»»

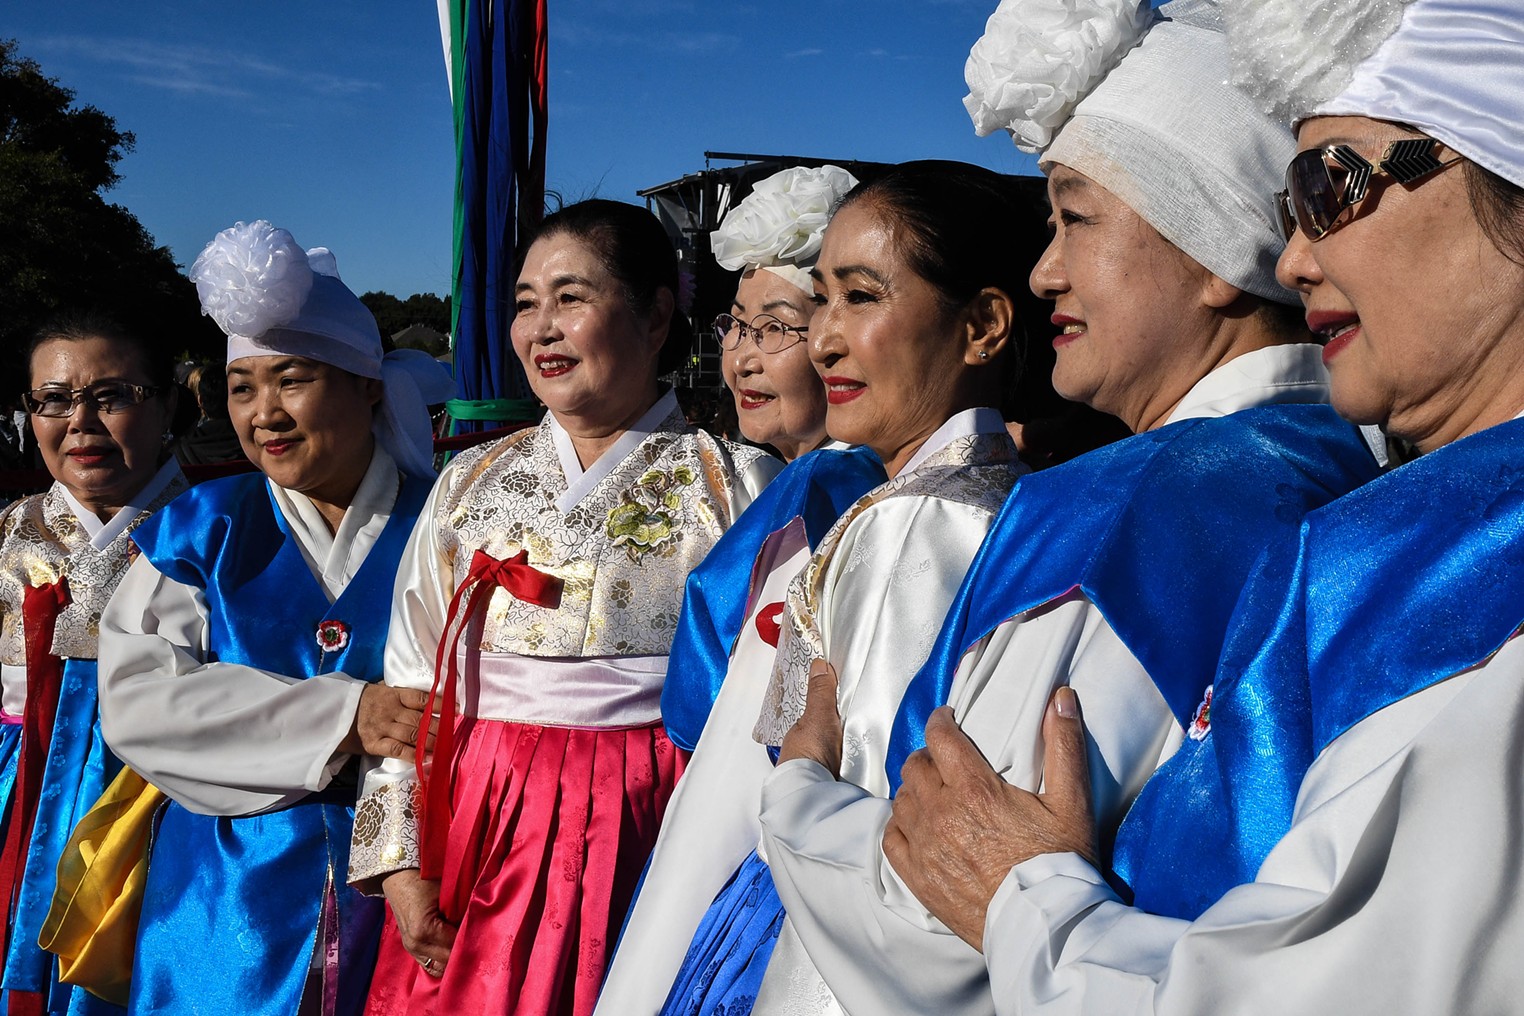 The Korean Festival in Carrollton is a Tasty Cultural Explosion
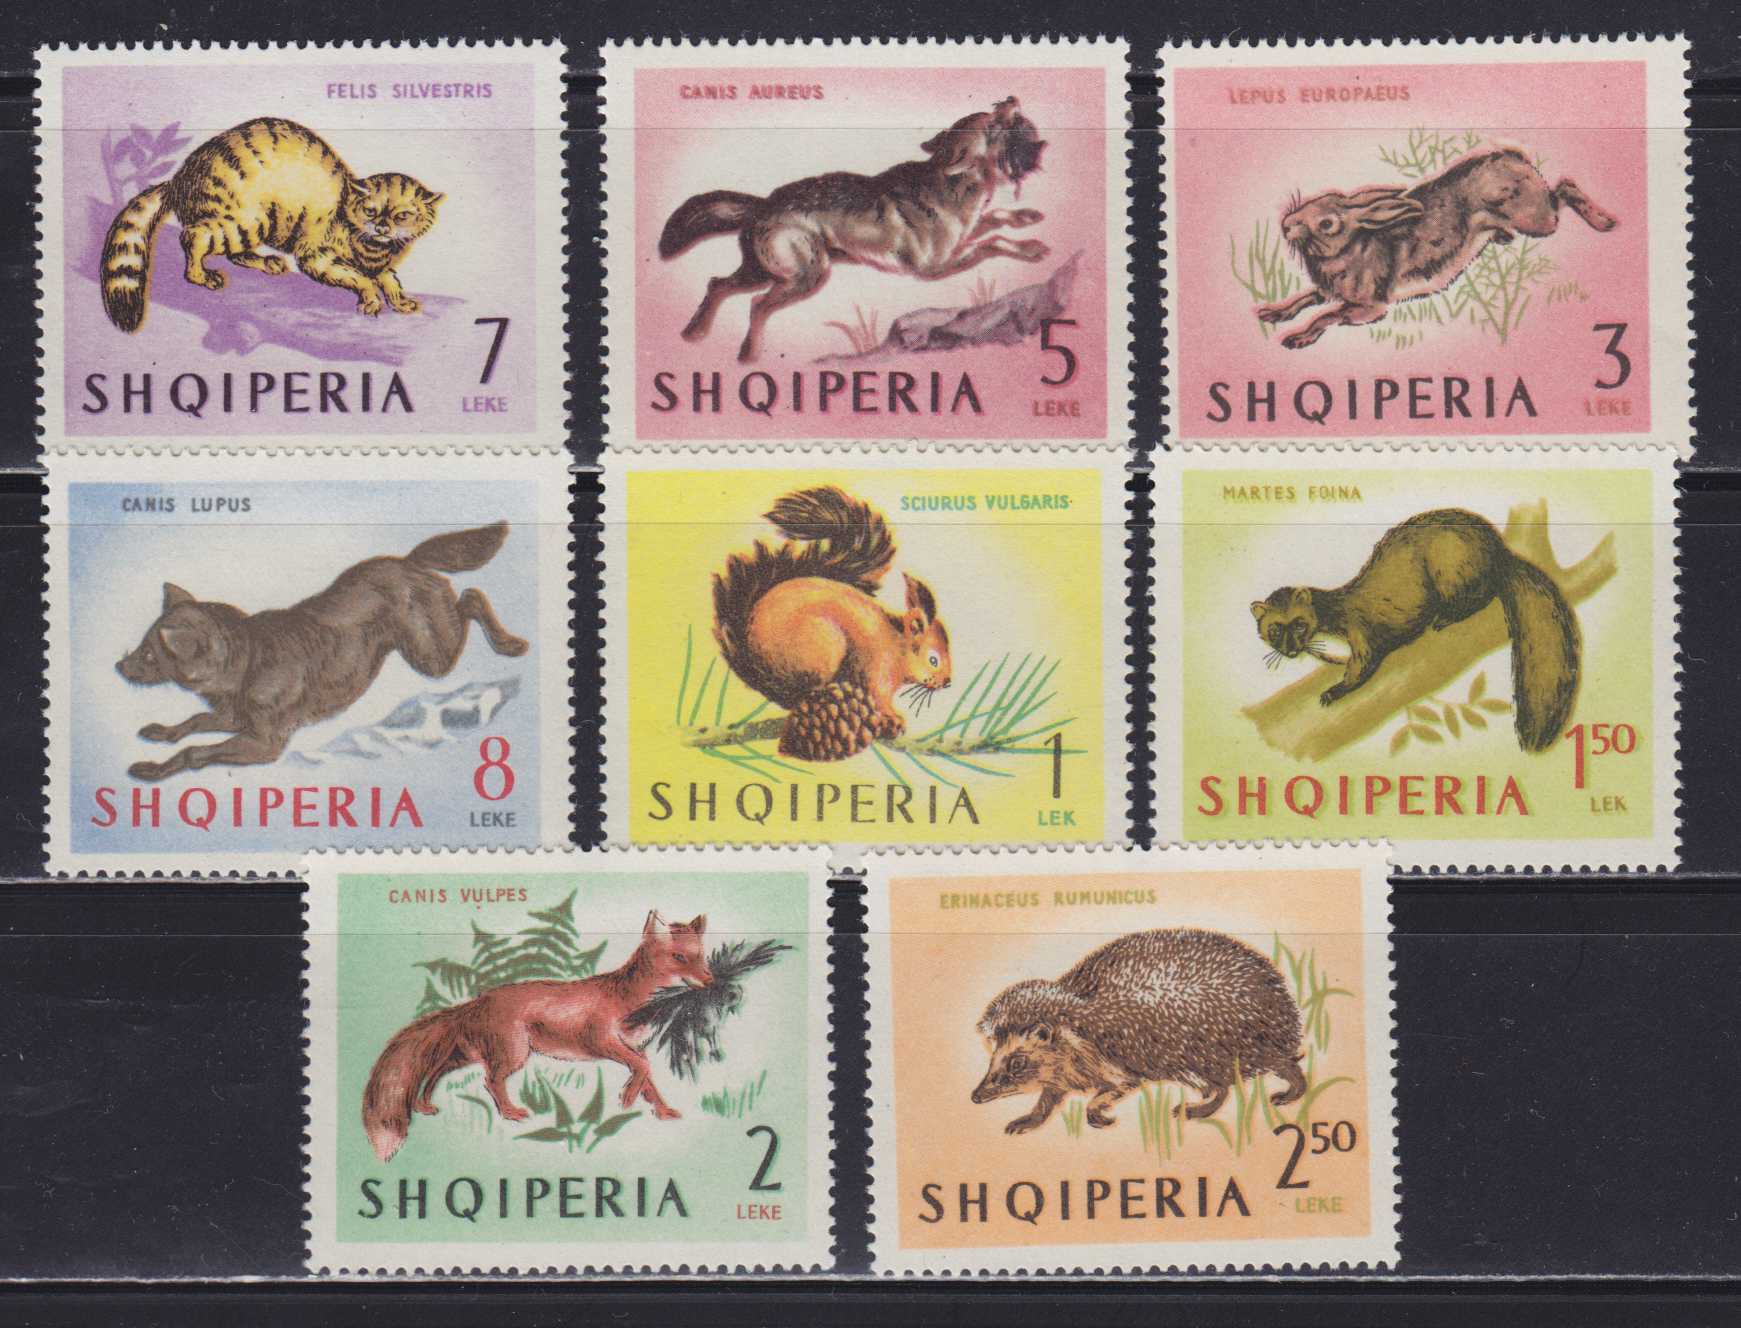 Stampworld марки
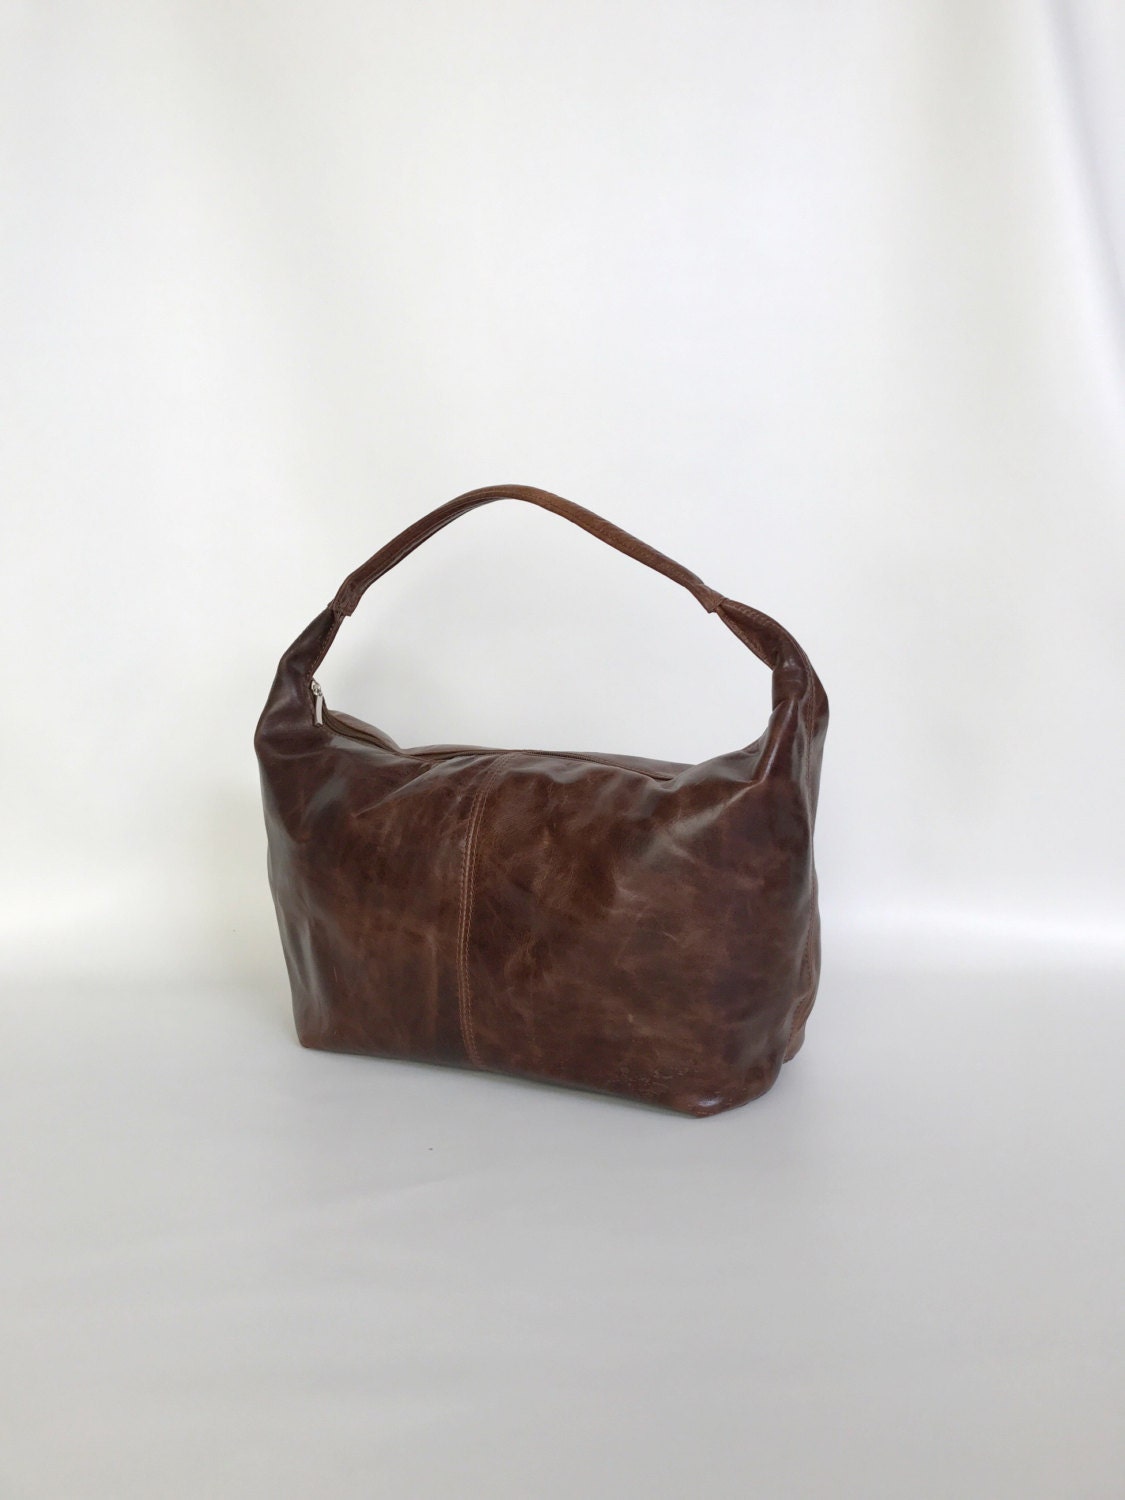 Distressed brown leather hobo purse rustic everyday handbag

««

▸ **Directions for this task**
Set down exactly, line for line, the data from the line that contains "Stampworld марки" through its last line, keeping pictures out.

▸ **Expected output**
 Stampworld марки
 Distressed brown leather hobo purse rustic everyday handbag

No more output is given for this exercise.